The second Handsworth riots took place in the Handsworth district of Birmingham, West Midlands, from 9 to 11 September 1985. The riots were reportedly sparked by the arrest of a man near the Acapulco Cafe, Lozells and a police raid on the Villa Cross public house in the same area. Hundreds of people attacked police and property, looting and smashing, even setting off fire bombs.

Handsworth had been the scene of a less serious riot four years earlier, when a wave of rioting hit over 30 other British towns and cities during the spring and summer of 1981.

Racial tension and friction between the police and the local ethnic minority communities was seen as a major factor in the riots.

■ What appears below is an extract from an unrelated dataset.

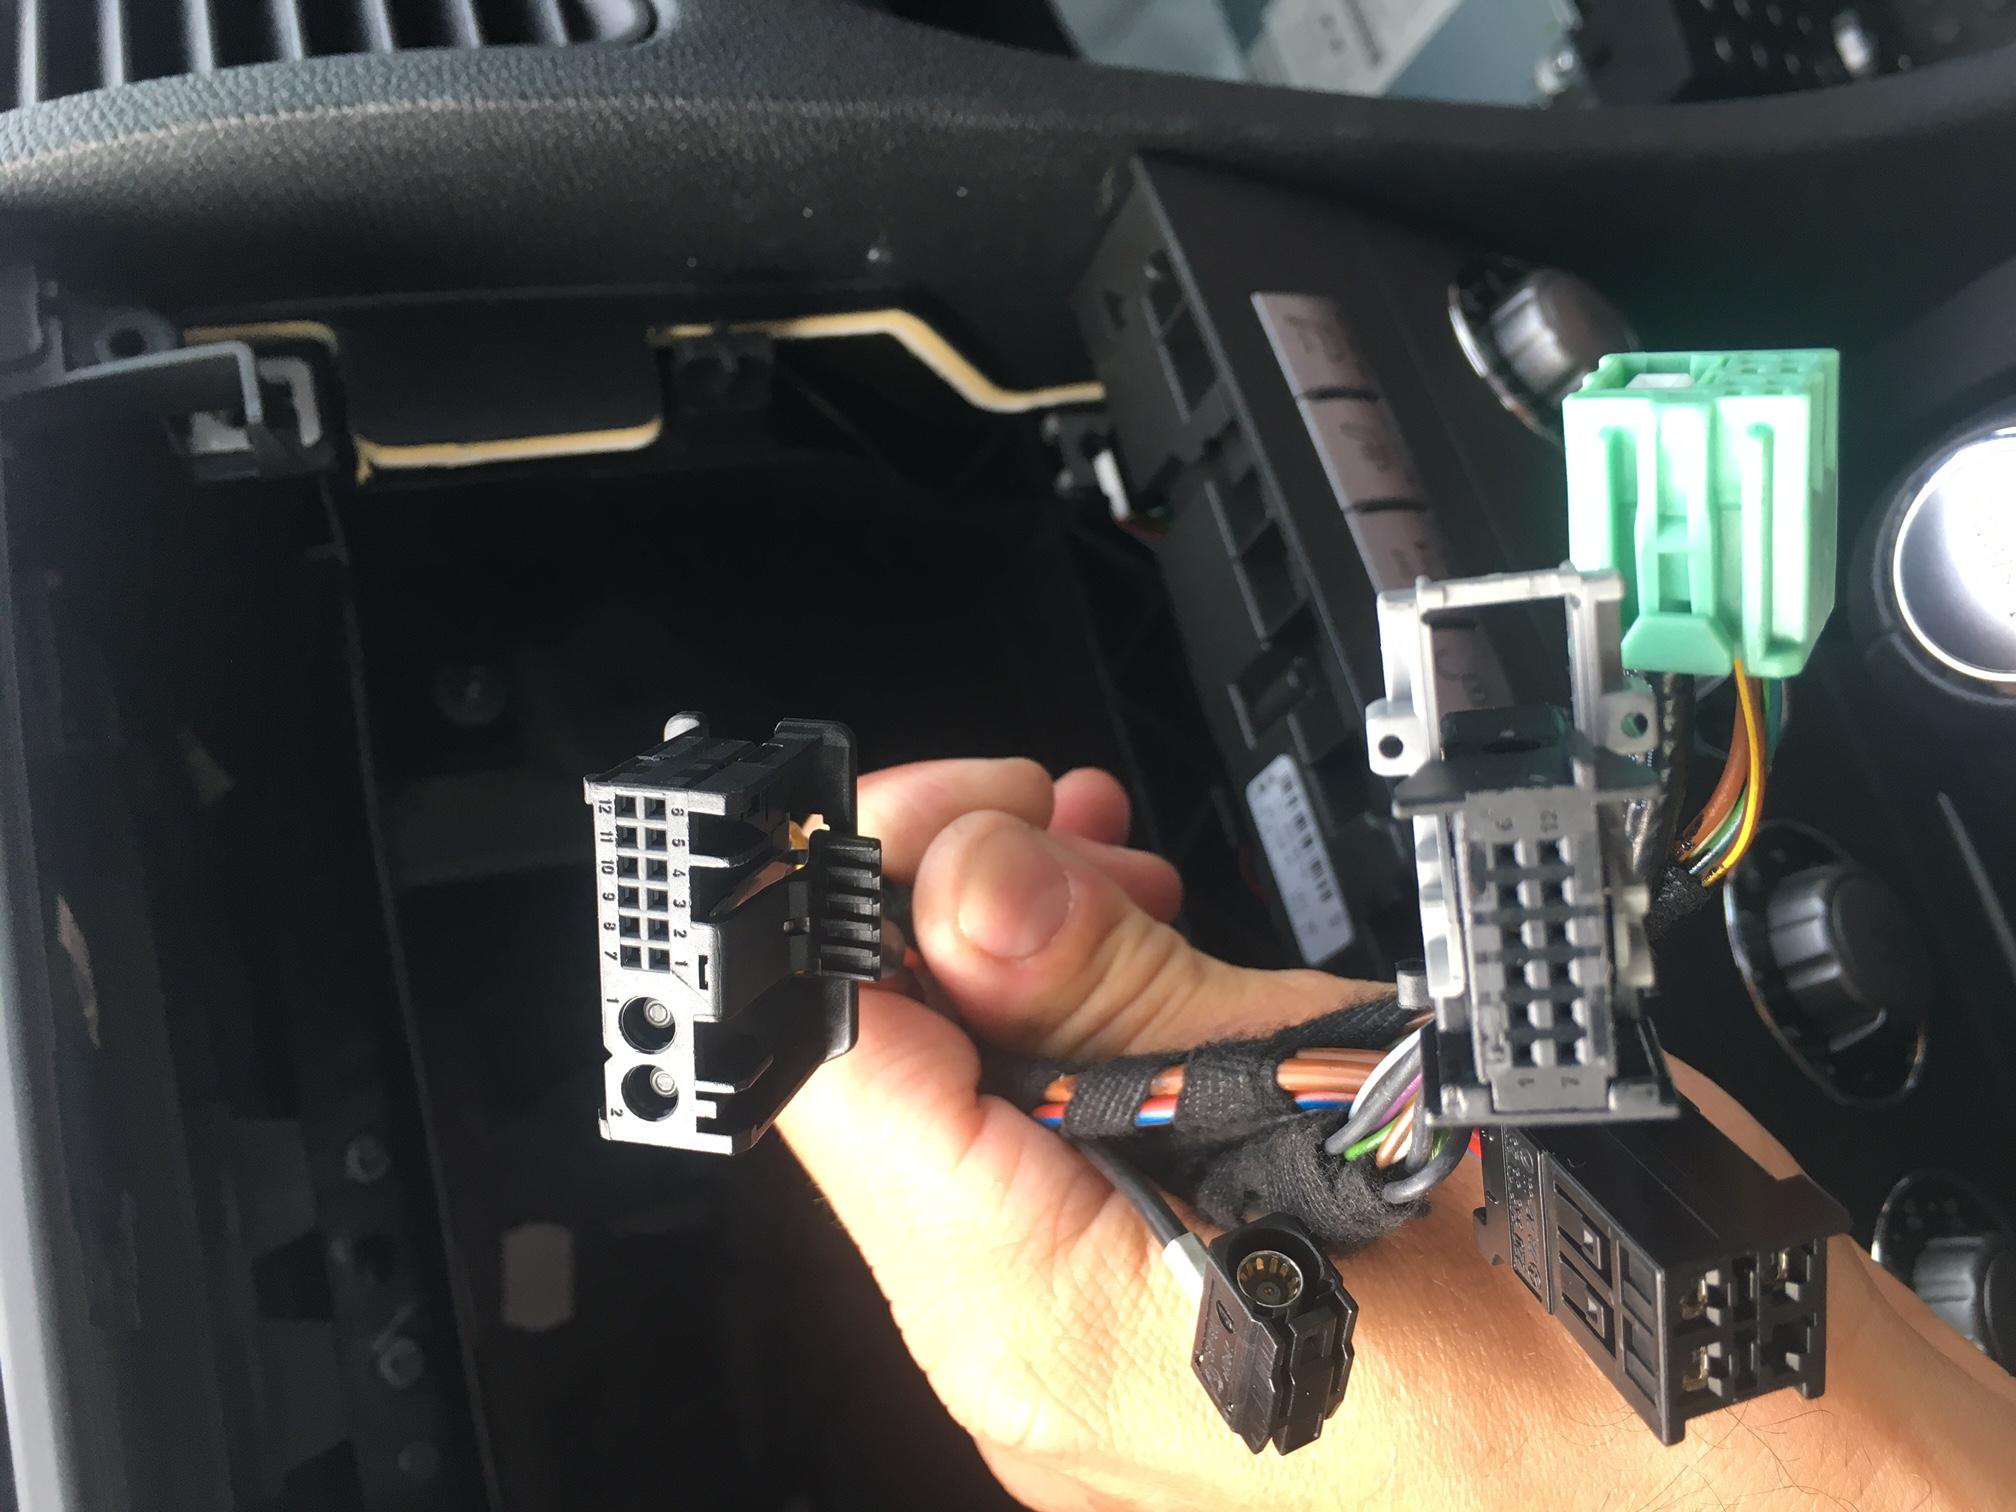 Changement d'autoradio - SLK 55 AMG import Japon 745122IMG9854

Handsworth had been predominantly populated by the black and Asian communities for around 30 years by 1985. Handsworth also had one of the highest unemployment rates in Birmingham.

Two brothers (Kassamali Moledina, 38, and his 44-year-old brother Amirali)[1] were burnt to death in the post office that they ran.[2] Two other people were unaccounted for, 35 others injured, more than 1500 police officers drafted into the area, about 45 shops looted and burnt, and a trail of damage running into hundreds of thousands of pounds.[3] As well as racial tension, unemployment was seen as a major factor in the riots; by the time of the riots, fewer than 5% of the black population to have left school that summer had found employment.

The riots were the first of a series of similar riots across the country during the autumn of 1985, notably the Broadwater Farm riot in London which also resulted in a fatality (the murder of policeman Keith Blakelock). Filmmaker and artist Pogus Caesar extensively photographed the second Handsworth riot; it was also witnessed by Bronx graffiti artists Brim and Goldie, who documented the devastation in the Channel 4 documentary Bombing.